REQUIREMENT: Exclude the pictures, then copy all remaining records exactly.

TASK INPUT:
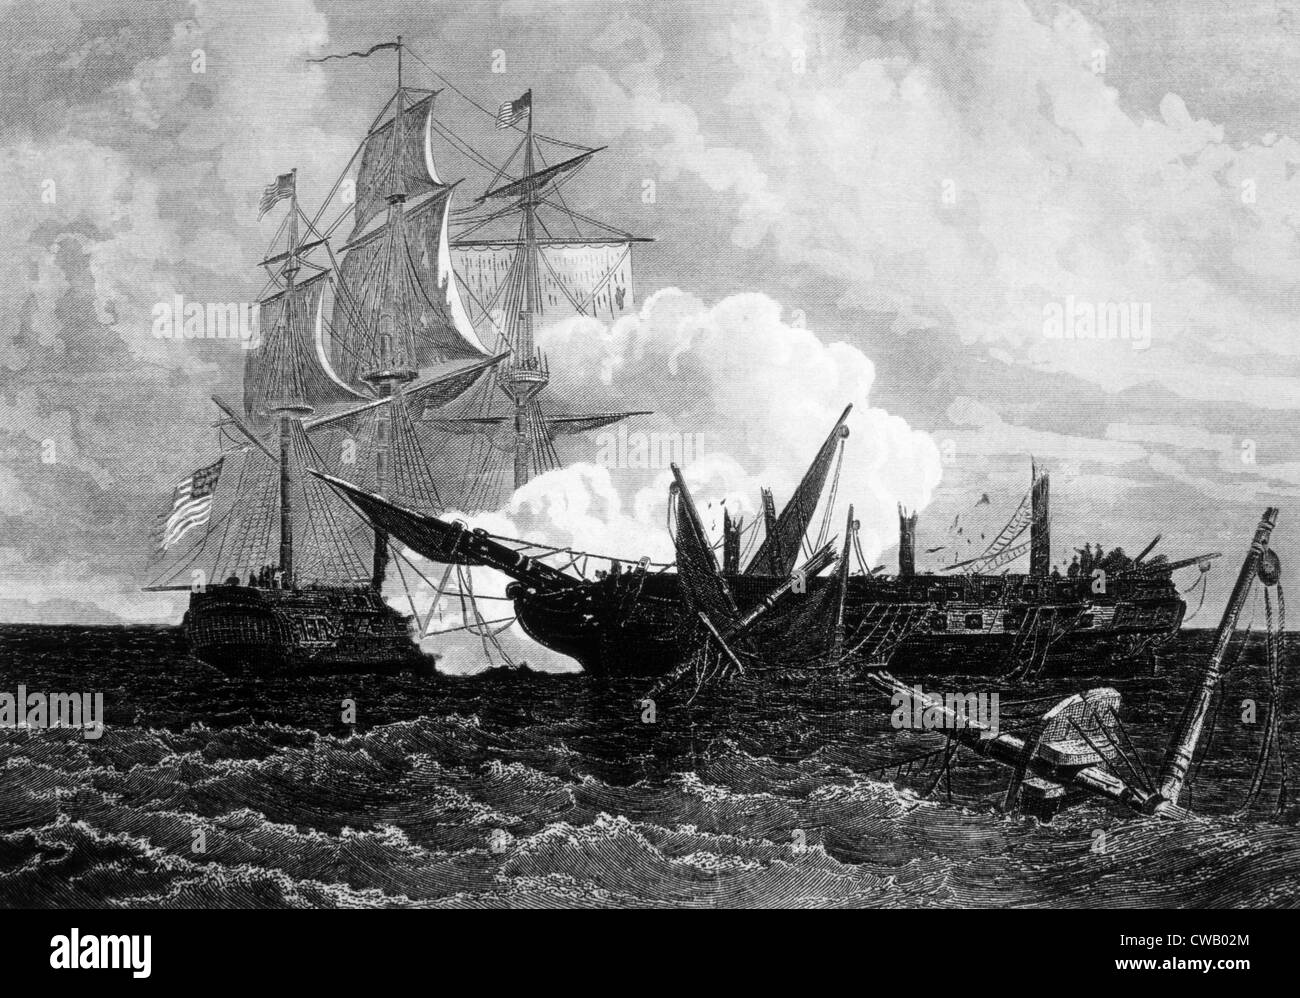 La guerra de 1812, batalla naval en la que fragata norteamericana Constitución anula el buque de guerra británico Guerriere, 19 de agosto de 1812 Foto de stock
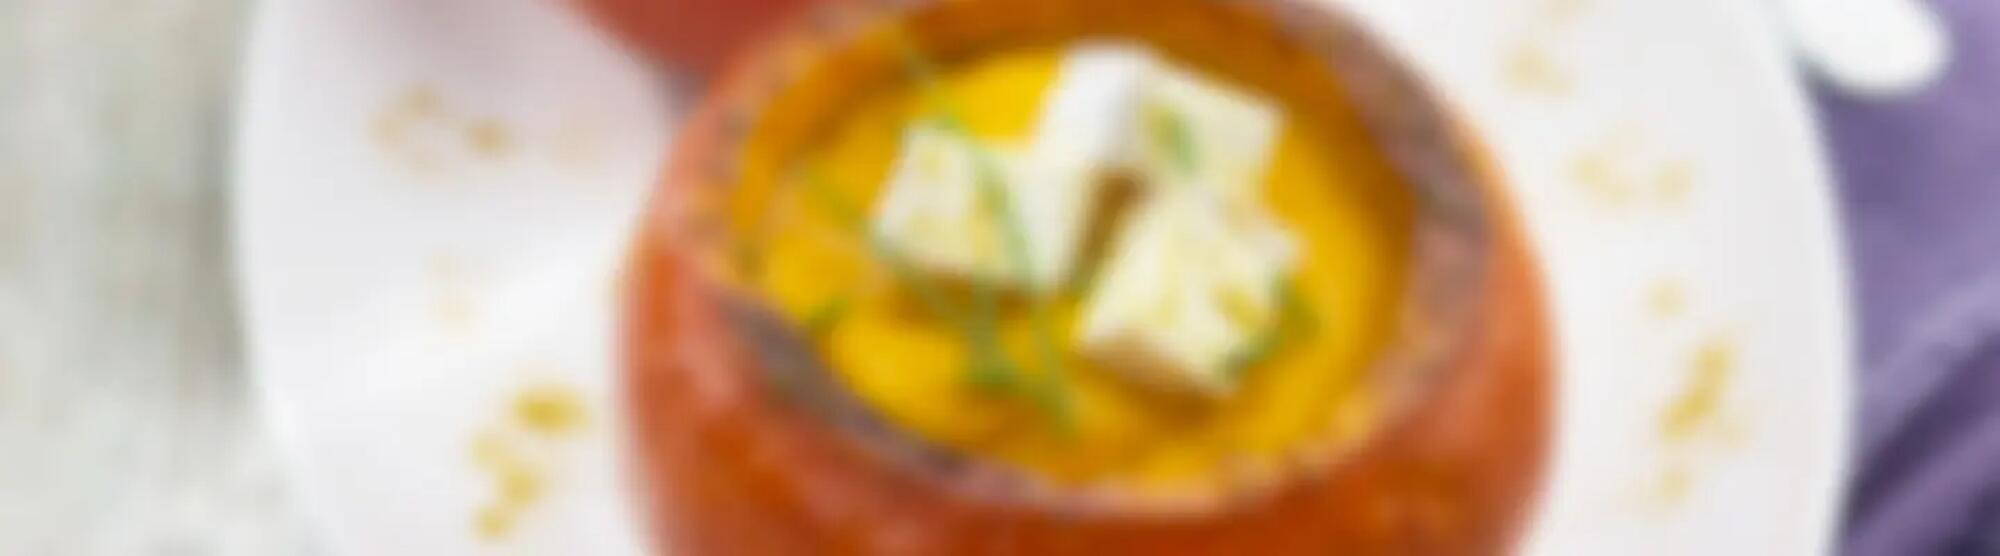 Recette : Velouté de potimarron au curry et fromage
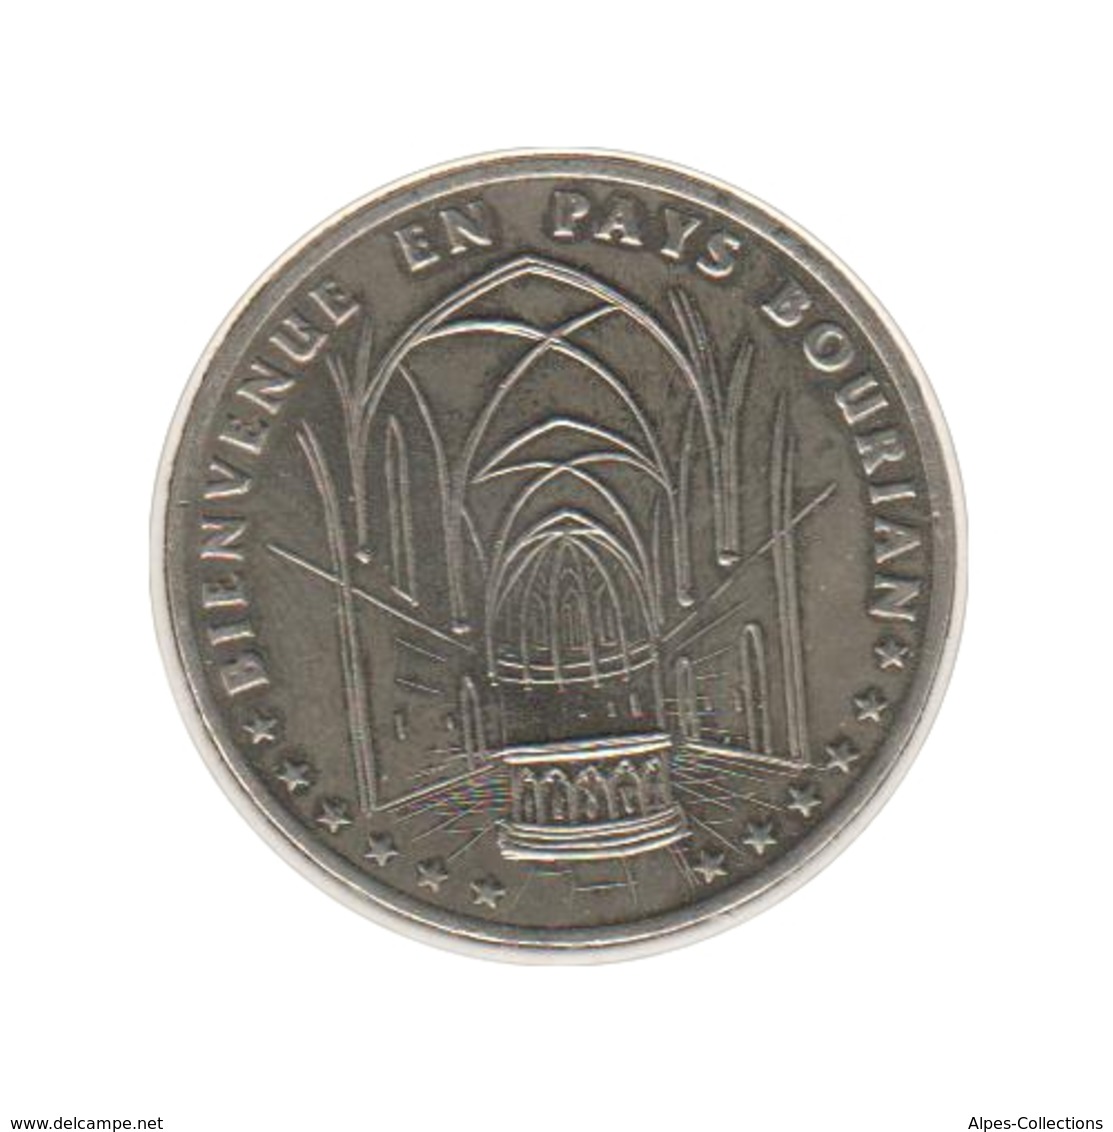 GOURDON - EC0030.1 - 3 ECU DES VILLES - Réf: T63 - 1995 - Euros Of The Cities
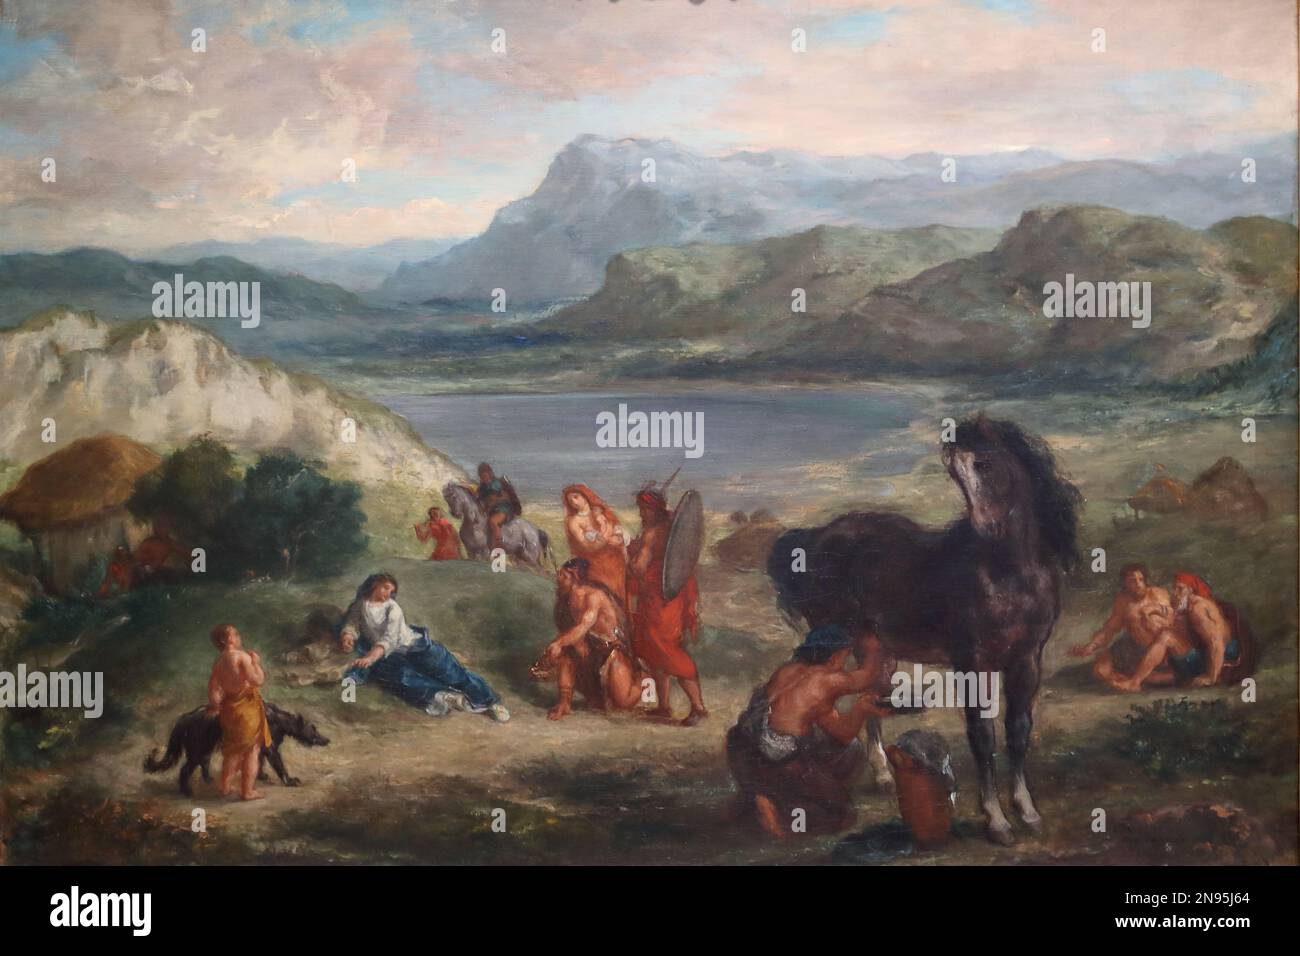 Ovid parmi les Scythiens par le peintre romantique français Eugene Delacroix à la National Gallery, Londres, Royaume-Uni Banque D'Images
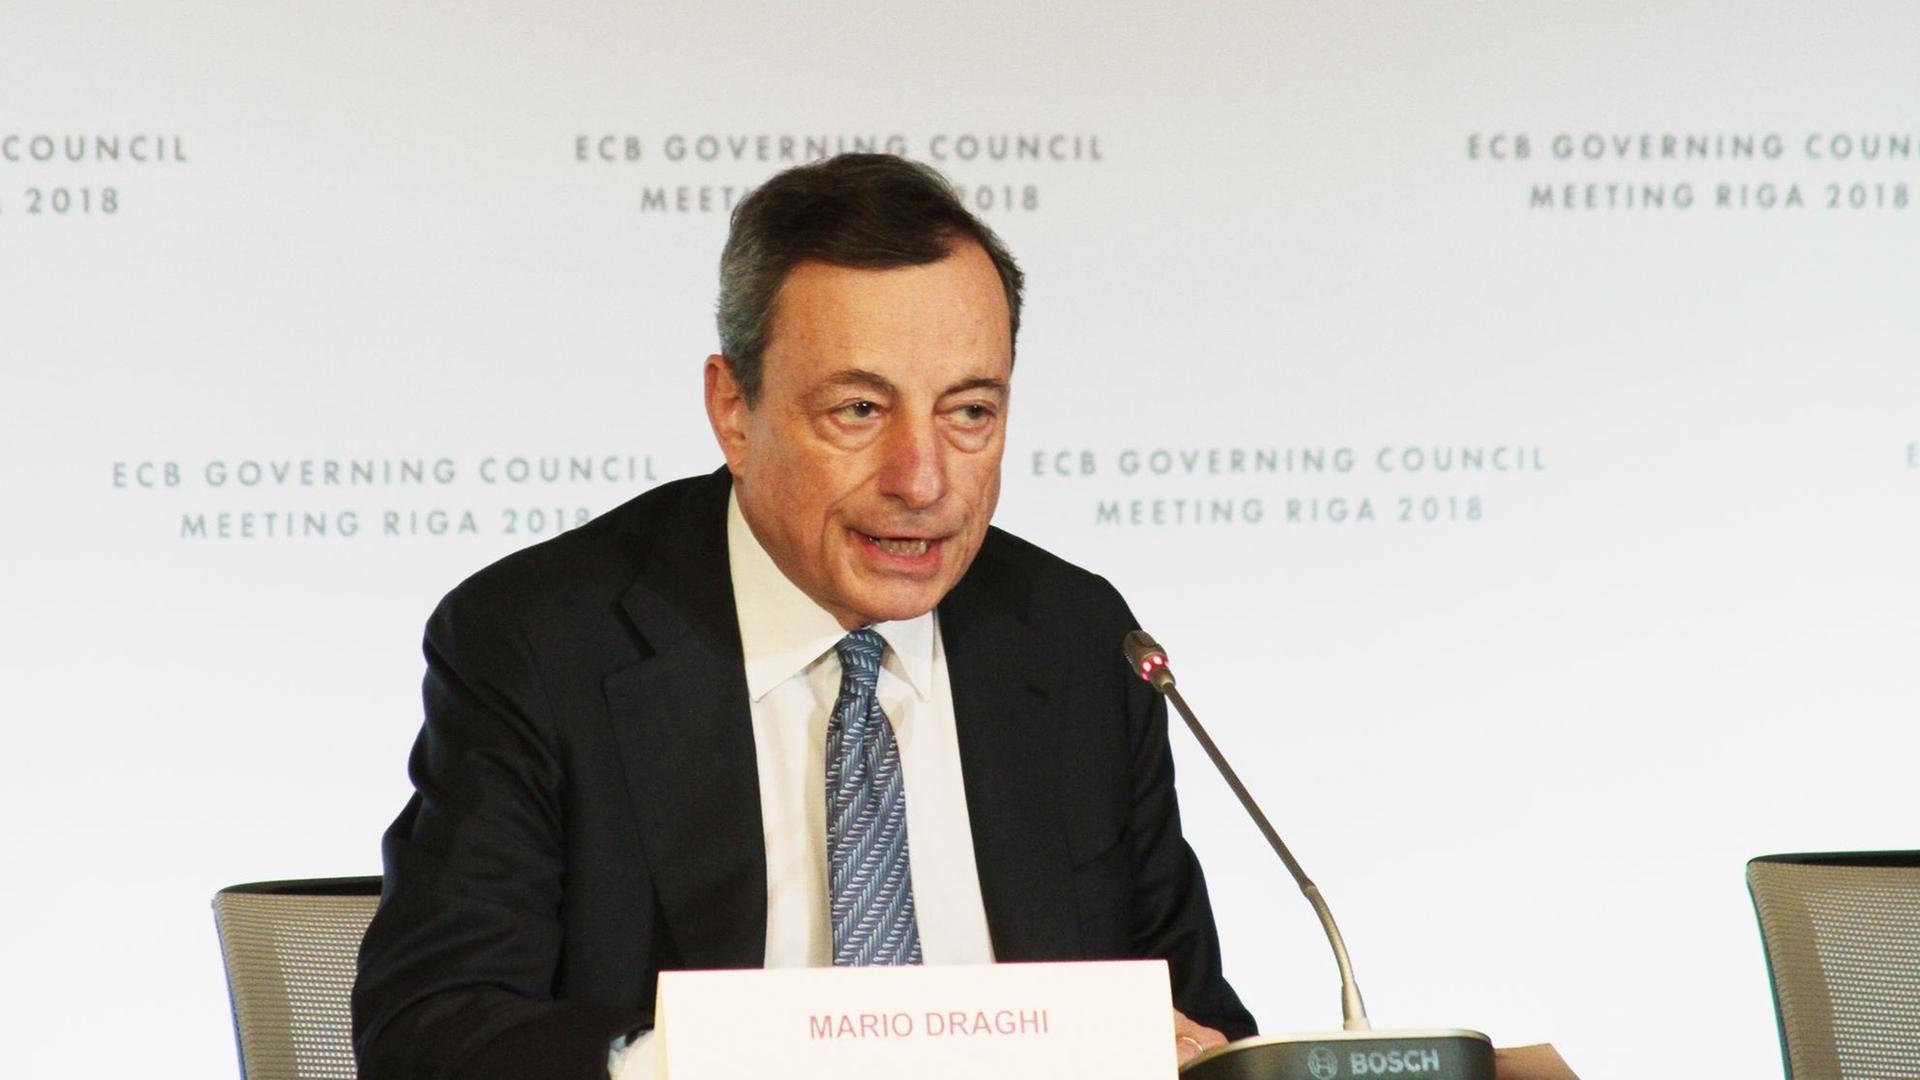 Lettland, Riga: Mario Draghi, Präsident der Europäischen Zentralbank (EZB), spricht auf der Pressekonferenz nach der EZB-Ratsitzung in Riga

RESULT OF THIS TASK:
 La guerra de 1812, batalla naval en la que fragata norteamericana Constitución anula el buque de guerra británico Guerriere, 19 de agosto de 1812 Foto de stock
 Recette : Velouté de potimarron au curry et fromage
 GOURDON - EC0030.1 - 3 ECU DES VILLES - Réf: T63 - 1995 - Euros Of The Cities
 Ovid parmi les Scythiens par le peintre romantique français Eugene Delacroix à la National Gallery, Londres, Royaume-Uni Banque D'Images
 Lettland, Riga: Mario Draghi, Präsident der Europäischen Zentralbank (EZB), spricht auf der Pressekonferenz nach der EZB-Ratsitzung in Riga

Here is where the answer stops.